Maite, who just started a new school year back in Chile, has many academic and career interests, including feminist issues, women’s health, and genetics and neuroscience, especially as they relate to mental health. But her true love is film (she is on an “Oscar marathon” to watch every best picture and best actress winner), and she wants to pursue acting. She sees art as a lever for change.

“Film is like a machine that generates empathy,” she explained. “When you go to a movie, you have to lose yourself to watch a character evolve and put yourself in their place.”

Maite looking up, smiling, in front of red and white vertical stripe backdrop

She credits her music teacher in Paris with instilling in her the confidence to use her voice, and for imparting a nugget of wisdom. “She told me that art can reflect or deform society,” Maite said. “That’s something I’ve always had in the back of my head when I watch movies. They can reflect and at the same time, misshape it.”

She also speaks of Mel Brooks and how he talked about the different ways to get your point across. You can scream and shout about something that’s not right, or you can mock it, like he did with the Nazis in The Producers.

“When you’re being serious and shouting, people will always disagree with you,” Maite said. “Instead, when you make people laugh or cry, there’s a feeling that unites them all, and they can’t deny it. You can change the world through art.”

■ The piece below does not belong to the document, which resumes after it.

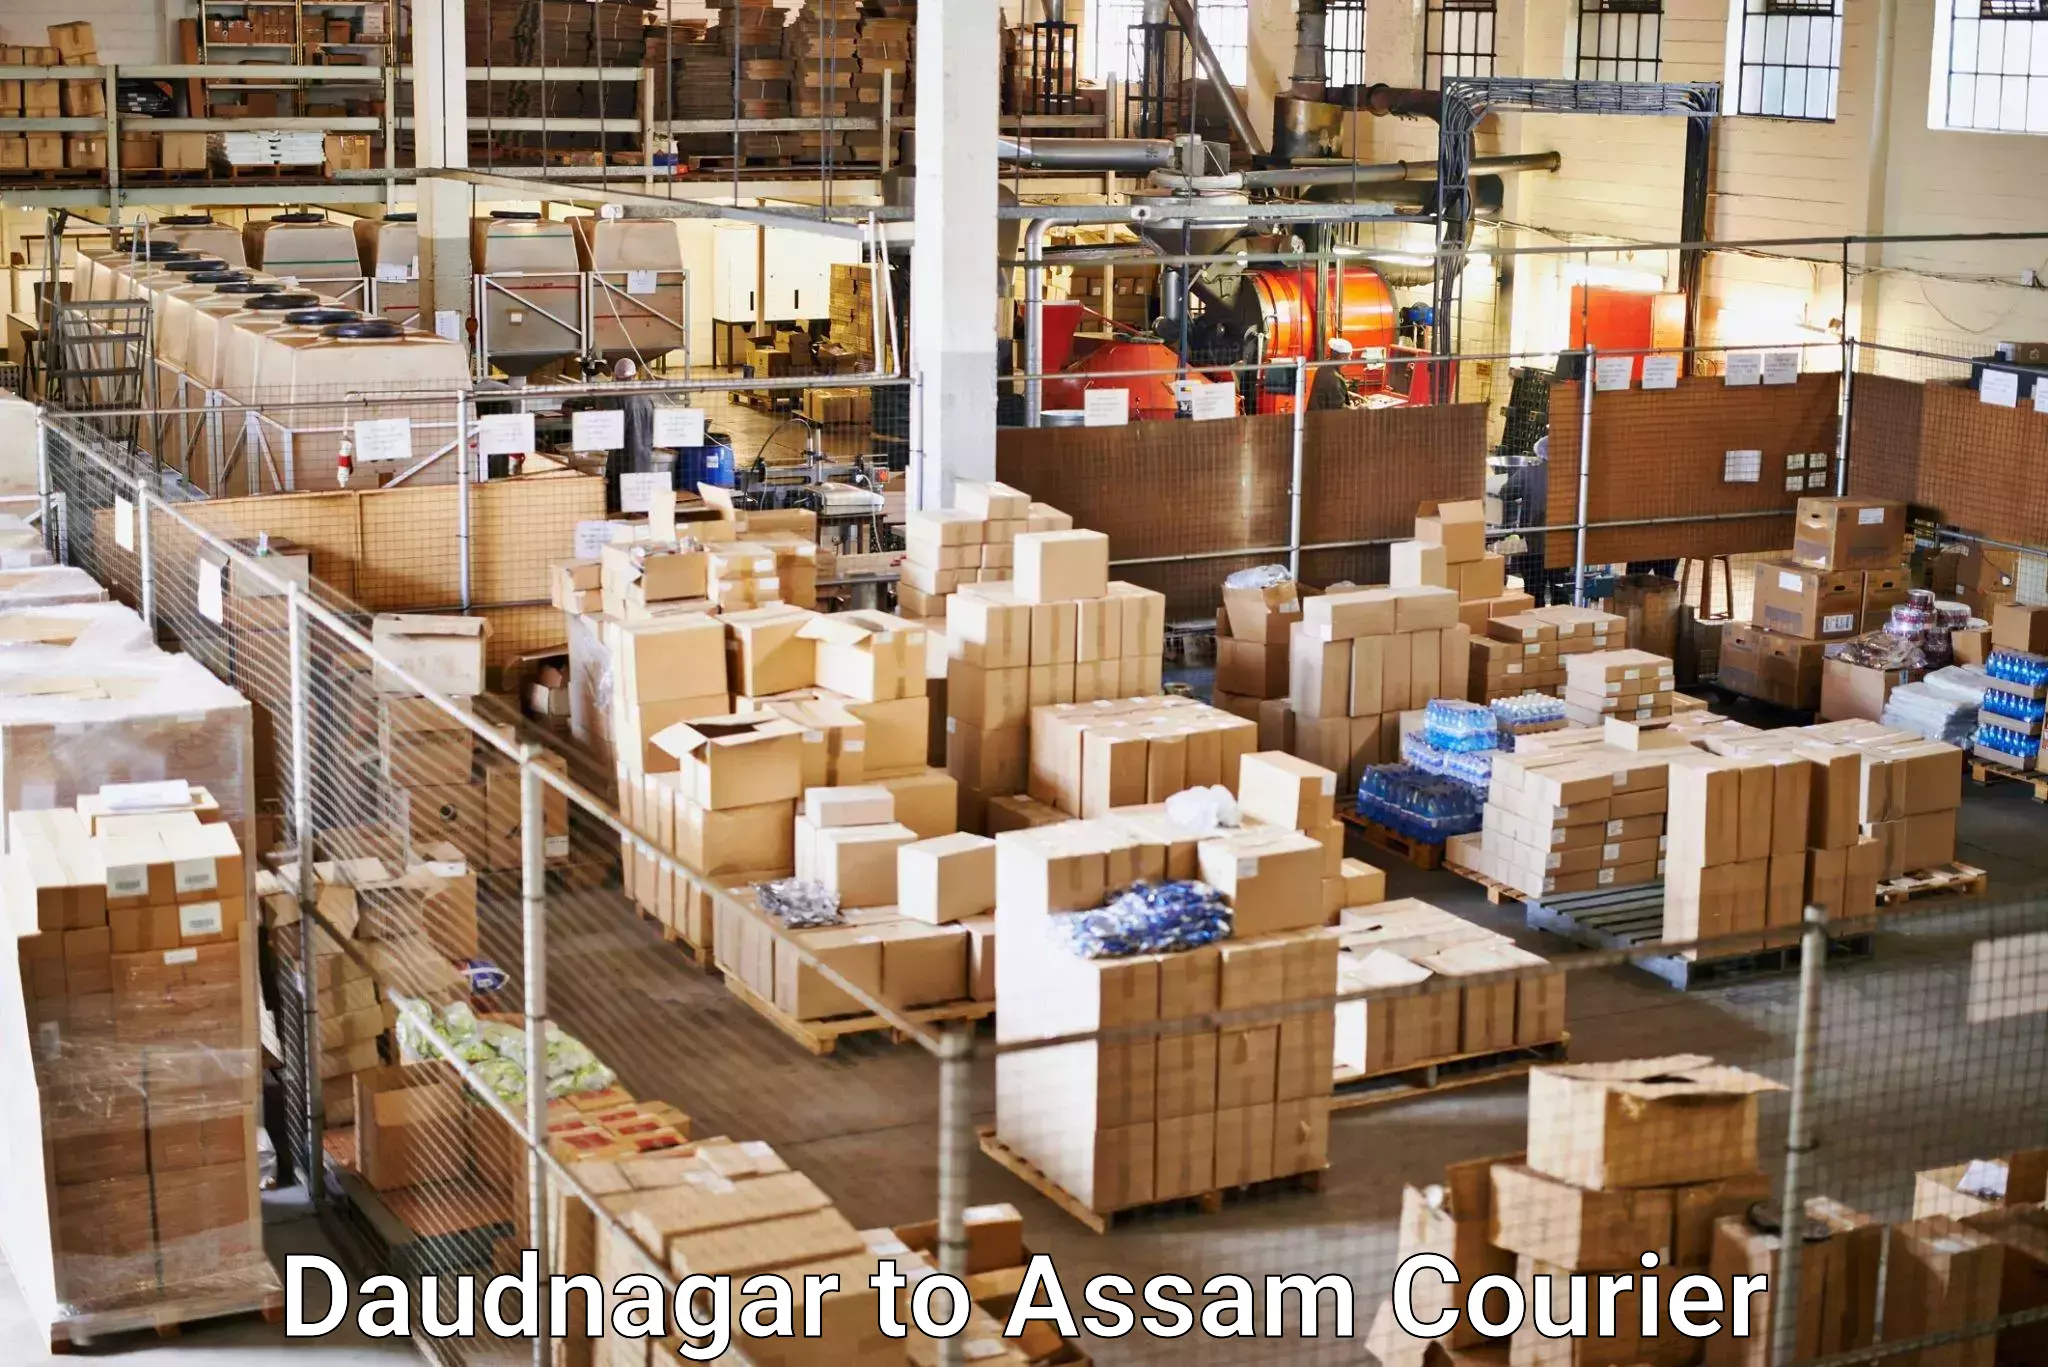 User-friendly courier app Daudnagar to Lala Assam

The world Maite would like to create is one where women can be more comfortable and have more rights. Where everyone who is living can do so in a way that is dignified. She is inspired by figures like Martin Luther King, Jr., Greta Thunberg and Kamala Harris, and hopes to have a platform herself one day where she can address the issues she cares about, including ovarian cancer research.

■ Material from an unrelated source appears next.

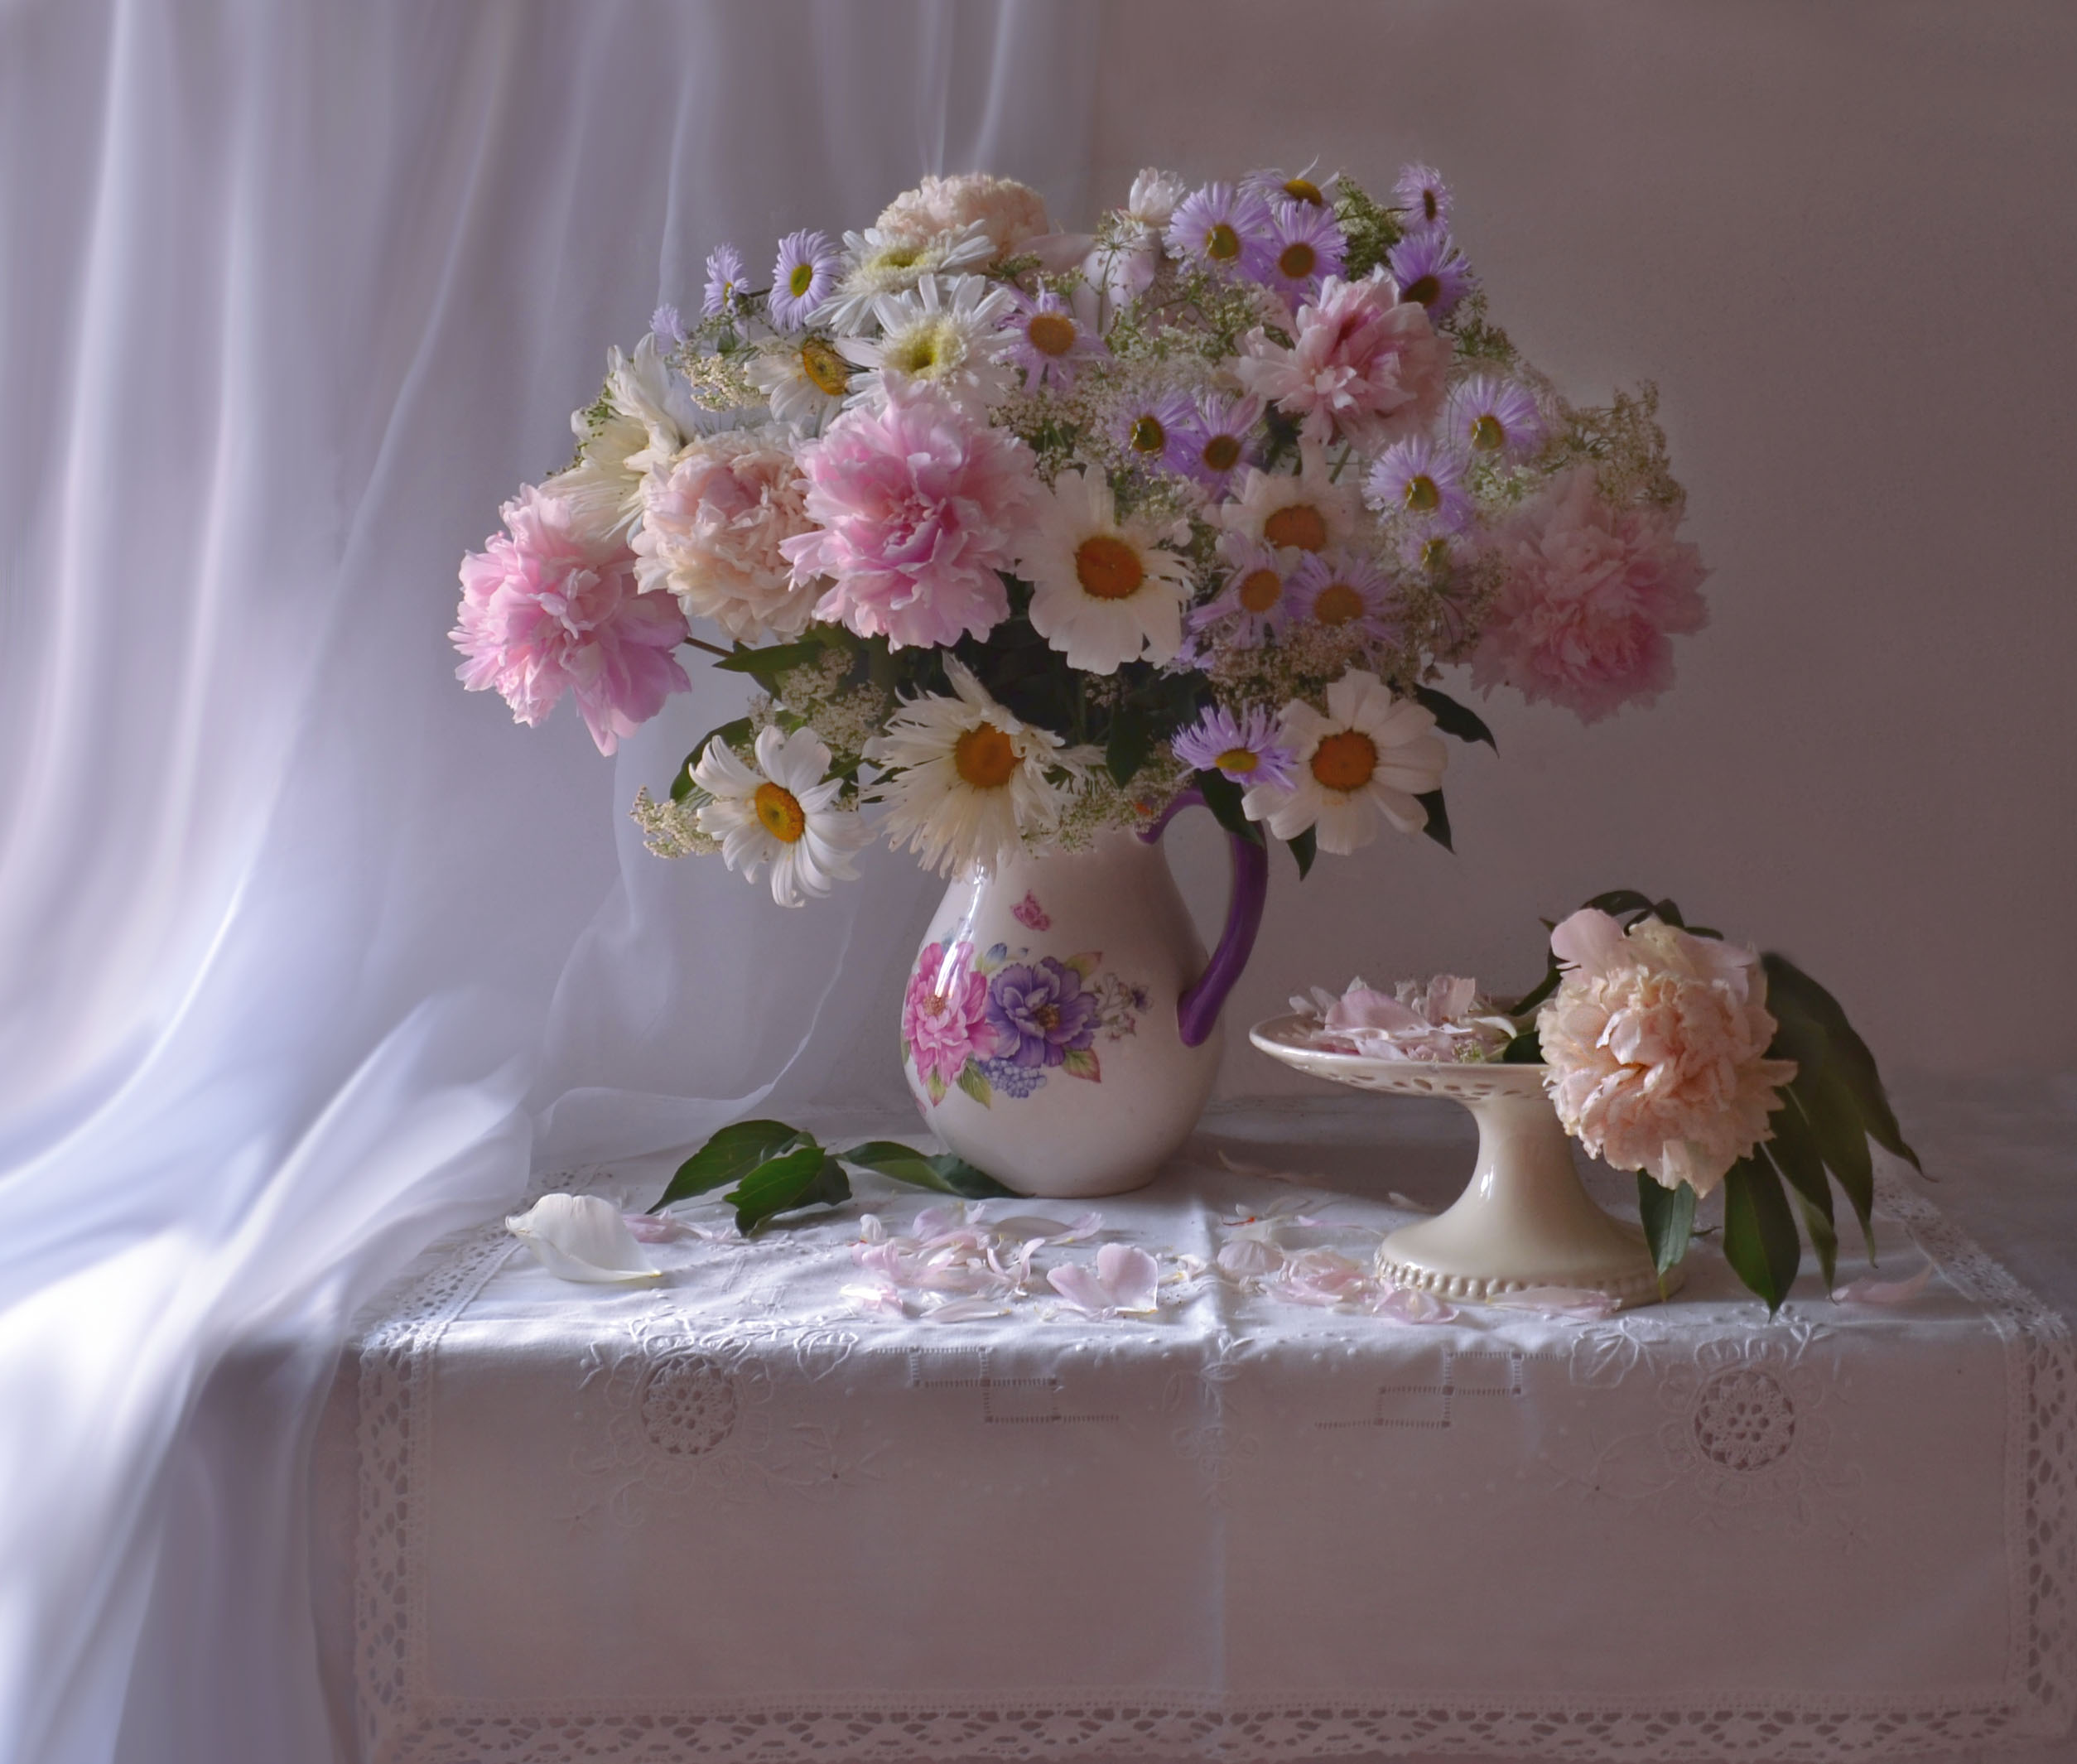 桌面上的壁纸照片 雏菊 鲜花

“I will always keep fighting to keep Madeline’s legacy alive,” she said. “Just everything that she meant, everything that she was. It just really pains me that she never got to see how much the world cares for her. And how much she meant to the world.”

Maite, we thank you for your commitment to the fight against ovarian cancer. And we have no doubt we will see you on the world’s stage one day, using your voice for good.

Maite smiling outdoors

In early 1999, the funny and beloved actress Madeline Kahn was diagnosed with ovarian cancer, and publicly announced her disease in an effort to raise awareness so that more people could be diagnosed at earlier stages. On December 3, 1999, at the age of 57, Madeline succumbed to the disease. Her husband, John W. Hansbury, joined the Board of Directors of Ovarian Cancer Research Fund (now OCRA) and created the annual “Stand Up for Madeline” comedy event in tribute to his late wife and to raise funds for research.